Appendix 2: Performance Misclassification Due to Chance
Methodological Considerations in Generating Provider Performance Score
This section contains background information on the concept of performance misclassification due to chance. We recommend this section to Chartered Value Exchange (CVE) stakeholders who are interested in learning why this concept is important and understanding how the following more commonly discussed topics relate to each other:
- Measurement error.
- Sample sizes.
For practical guidance on options for limiting the risk of performance misclassification, go to the section on Task Number 5. For a more detailed discussion of reliability and performance misclassification due to chance, we refer interested readers to two technical reports: The Reliability of Provider Profiling: A Tutorial by Adams,51 and Estimating Reliability and Misclassification in Physician Profiling by Adams, Mehrotra, and McGlynn.52
A. What is misclassification due to chance?
Any time performance is measured, there will always be some amount of random measurement error. The unavoidable presence of measurement error means that for every provider in a report, there is a certain probability that due to chance alone, performance is reported in the wrong class or category. In other words, any performance report that contains more than one category (i.e., a report that enables any kind of comparison between providers) will have some degree of misclassification due to chance.
However, patients, providers, and other CVE stakeholders may want to limit the amount of misclassification due to chance. Reports with too much misclassification due to chance may mislead large numbers of patients, and providers may also be concerned about the impact of misclassification, as shown in Figure 3.
Unfortunately, it is impossible to know exactly which providers are misclassified due to chance alone. On the other hand, it generally is possible to know, for each provider, the risk (i.e., the probability) that performance is misclassified.
B. Why focus on the risk of misclassification due to chance?

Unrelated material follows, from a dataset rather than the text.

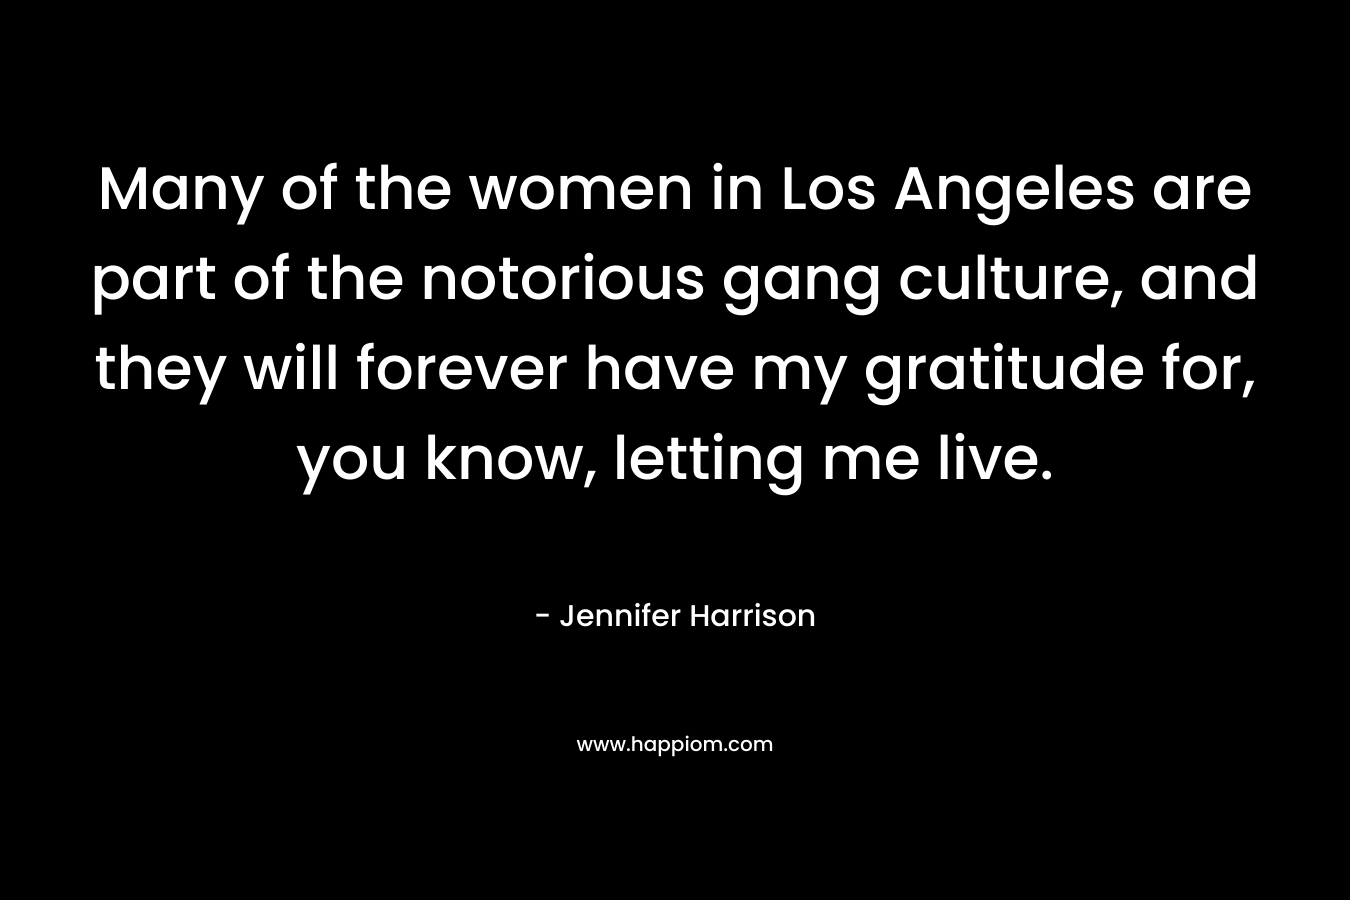 Many of the women in Los Angeles are part of the notorious gang culture, and they will forever have my gratitude for, you know, letting me live. – Jennifer Harrison

Some CVE stakeholders may be familiar with the statistical concept of "reliability," which is related to misclassification. Reliability, which is more formally defined later in this appendix, can be conceptualized as the "signal-to-noise ratio" in measuring performance. With larger amounts of measurement "noise" (i.e., greater quantities of random measurement error), it becomes hard to discern the "signal" in performance data (i.e., which providers are truly higher performing and which are truly lower performing).

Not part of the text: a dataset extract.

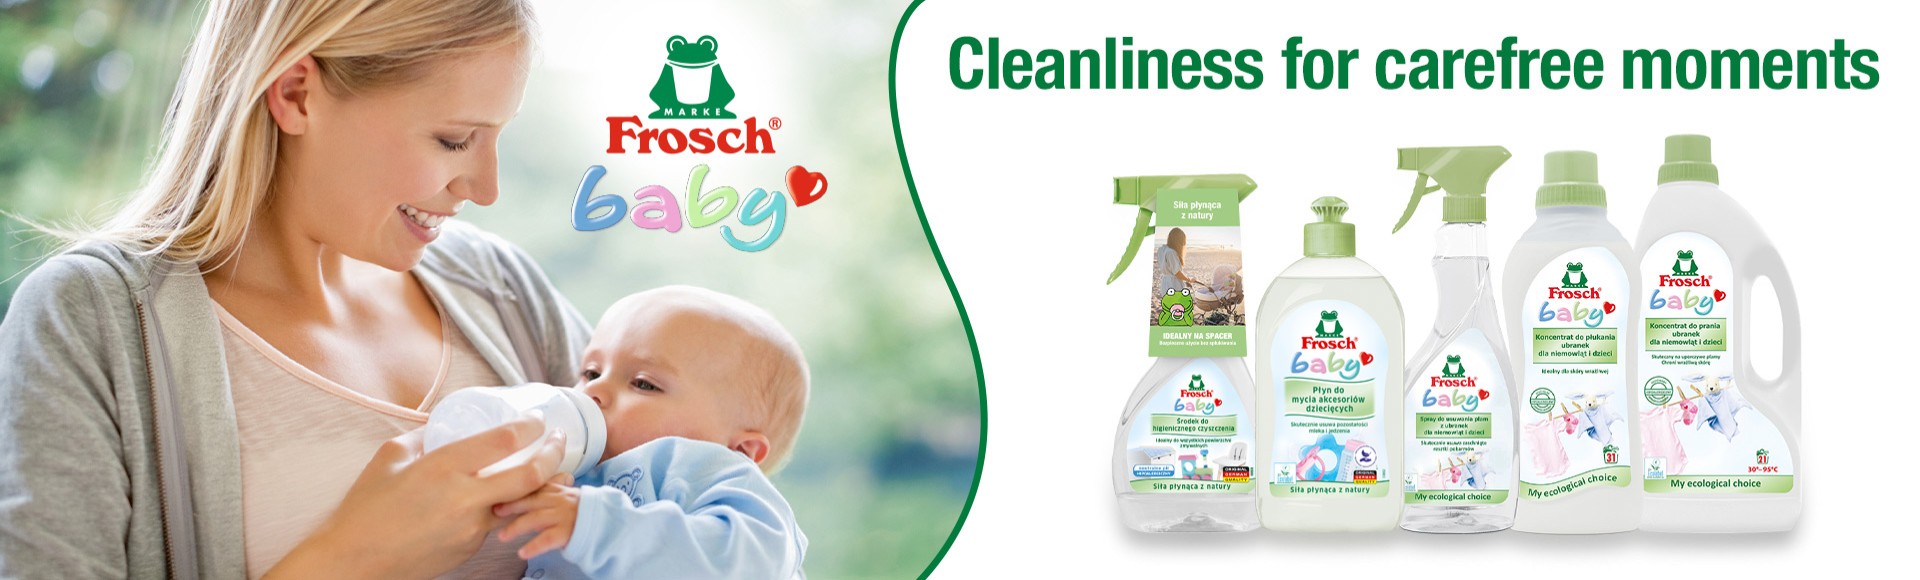 Frosch UAE - Babies deserve extra care, which is why we

The reason that this paper focuses on the "risk of misclassification due to chance" rather than solely focusing on reliability is that on its own, reliability does not have a direct, easily understood interpretation in performance reporting. For performance reports, the significance of reliability depends on the system for classifying performance.
The relationship between reliability and performance misclassification due to chance was originally highlighted in the 2006 work of Safran and colleagues.31 As Dr. Safran recalls:
The idea of evaluating risk of misclassification came out of a wonderful question that I was asked by a clinician, who was troubled by our reliability criterion of 70 percent. The clinician asked: "Does that mean there is a 30 percent chance that you have my score wrong? Because if that's what it means, then maybe statisticians think 70 percent is a good standard, but clinicians will find it unacceptable." This question inspired our work to elucidate the "risk of misclassification" construct and to have a methodology that allowed us to operationalize it.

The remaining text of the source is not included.